(July 15, 2014 at 1:48 pm)SteveII Wrote: As you recommended, I am researching non-creationist articles and comparing them to the article I mentioned before. TOPIC: Orphaned Genes. ISSUE: 10-30% of all genes of all species can't be traced to other species. Where do they come from?
I found an article describing a study of orphaned genes by Tomislav Domazet-Loso and Diethard Tautz of the Institut für Genetik der Universität zu Köln, 50931 Köln, Germany. http://genome.cshlp.org/content/13/10/2213.full 10.1101/gr.1311003; Genome Res. 2003. 13: 2213-2219; Cold Spring Harbor Laboratory Press.
Near the end of the article, they have a section: There are three possible reasons why a gene can be an orphan gene.
1. The genes have newly evolved
2. The gene was an ancestrally shared gene but got lost in most evolutionary lineages.

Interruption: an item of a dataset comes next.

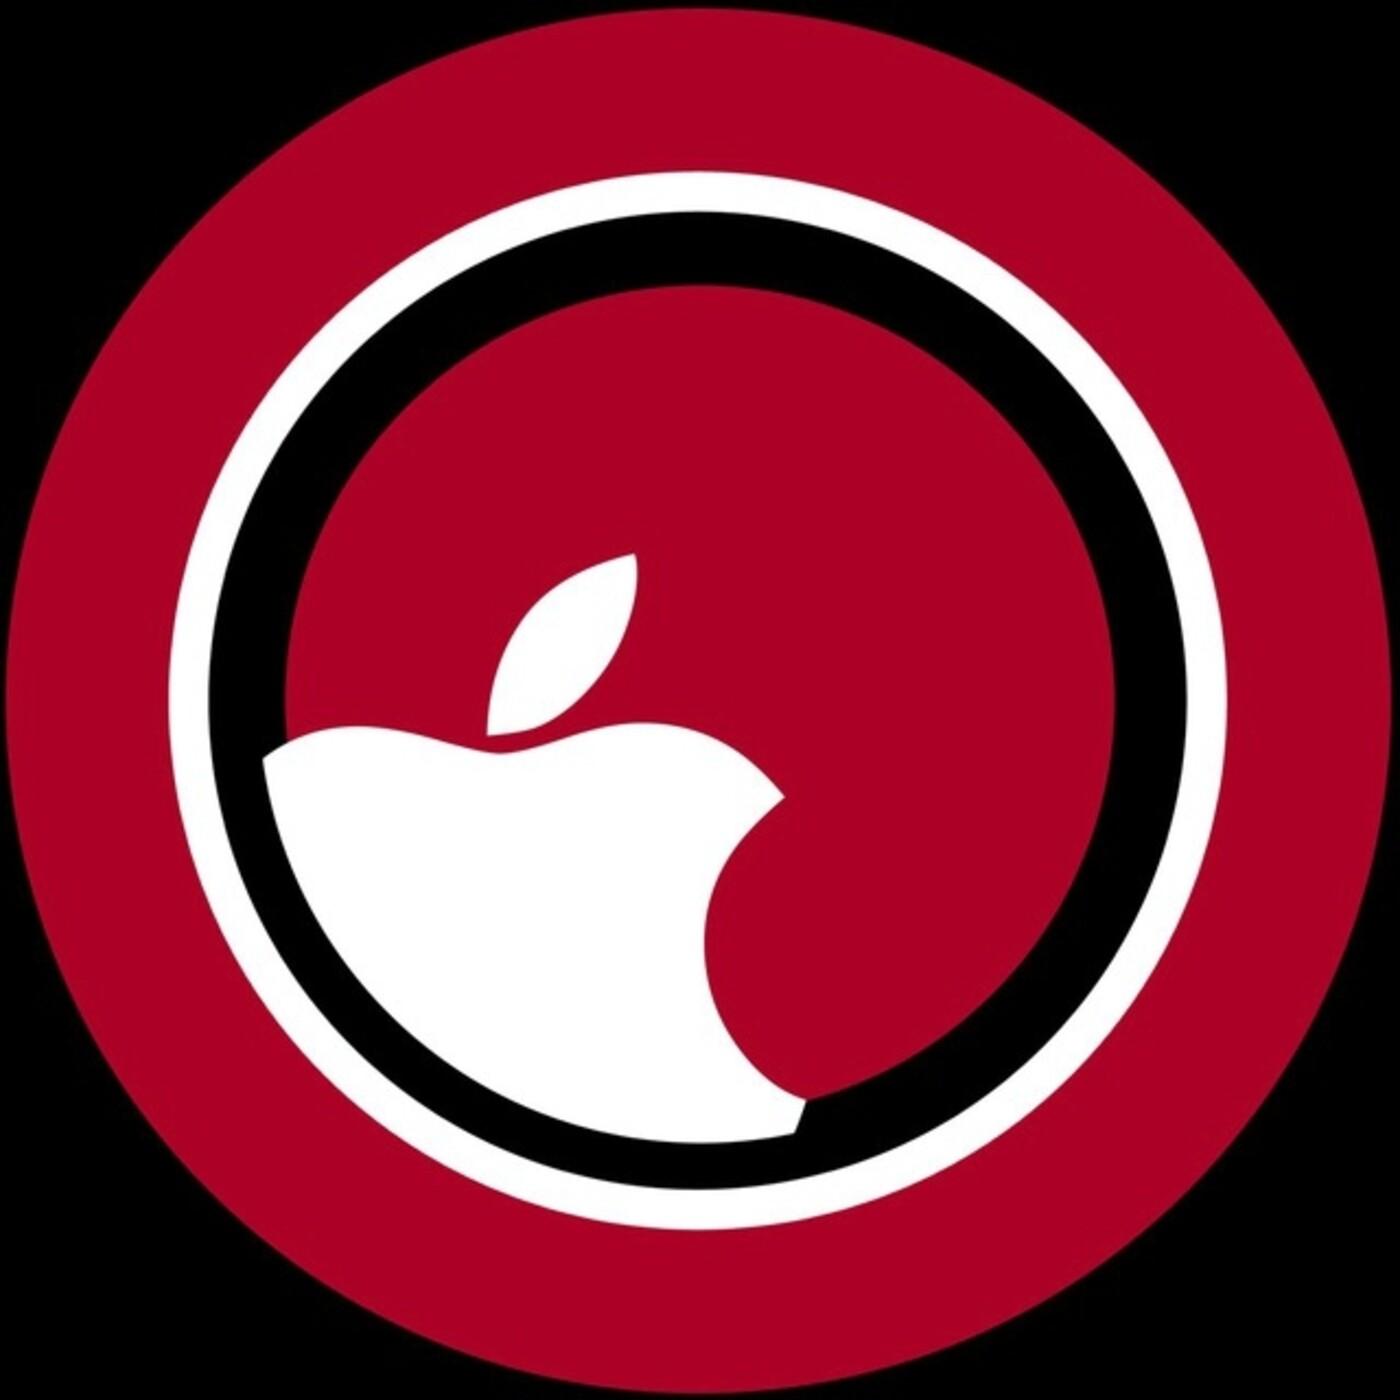 Episodio 44: La era PostPc llego a Distrito Apple - Magic Keyboard

3. The gene evolved so quickly that a similarity cannot be found in other species.
All three theories have problems. The conclusion starts with "The role of orphan genes in the evolutionary process remains enigmatic."
It seems to have been the prevailing theory that: "The probability that a functional protein would appear de novo by random association of amino acids is practically zero." Jacob, Francois. June 10 1977. Evolution and Tinkering. Science, New Series, Vol. 196, Issue 4295, pp. 1161-1166. (Nobel prize winning geneticist) until the mapping of the genome found these orphaned genes.
Here is my problem. They listed three possible reasons for orphaned genes--none of which was that the organisms did not share a common ancestor (which would fit ALL the facts). You said that there is no bias in science. Tell me why this is not bias?
Okay so I read your article and and a few others about orphaned genes while as was at it.
Orphaned genes are genes that do cannot be linked to other lineages based on gene sequencing or to put it another way, these genes provide a new protein coding sequence not found in previous lineages. They constitute about 10 to 20% of all organisms genes. But identifying is difficult because so often they turn out to be genes that really do have links further back in the genome.
Your question is why none of the hypotheses for how these genes occur considers that organisms don't share a common ancestry?
Well, since the other 80 to 90 percent of the genes are not orphan genes and do evidence a common ancestor and the physiology of animals as well as were those animals exist and existed geographically and through time also evidence evolution, orphan genes are not evidence evolution did not occur.
However, since these orphan genes are by definition not the result of inverted transcriptions, merged, or truncated genes, the question is how did these mutations occur? Not surprisingly none of the hypotheses suggested is "magic."
If, as you appear to be proposing god mutated them, how would you test that? The hypotheses suggested are testable.
If there is a god, I want to believe that there is a god. If there is not a god, I want to believe that there is no god.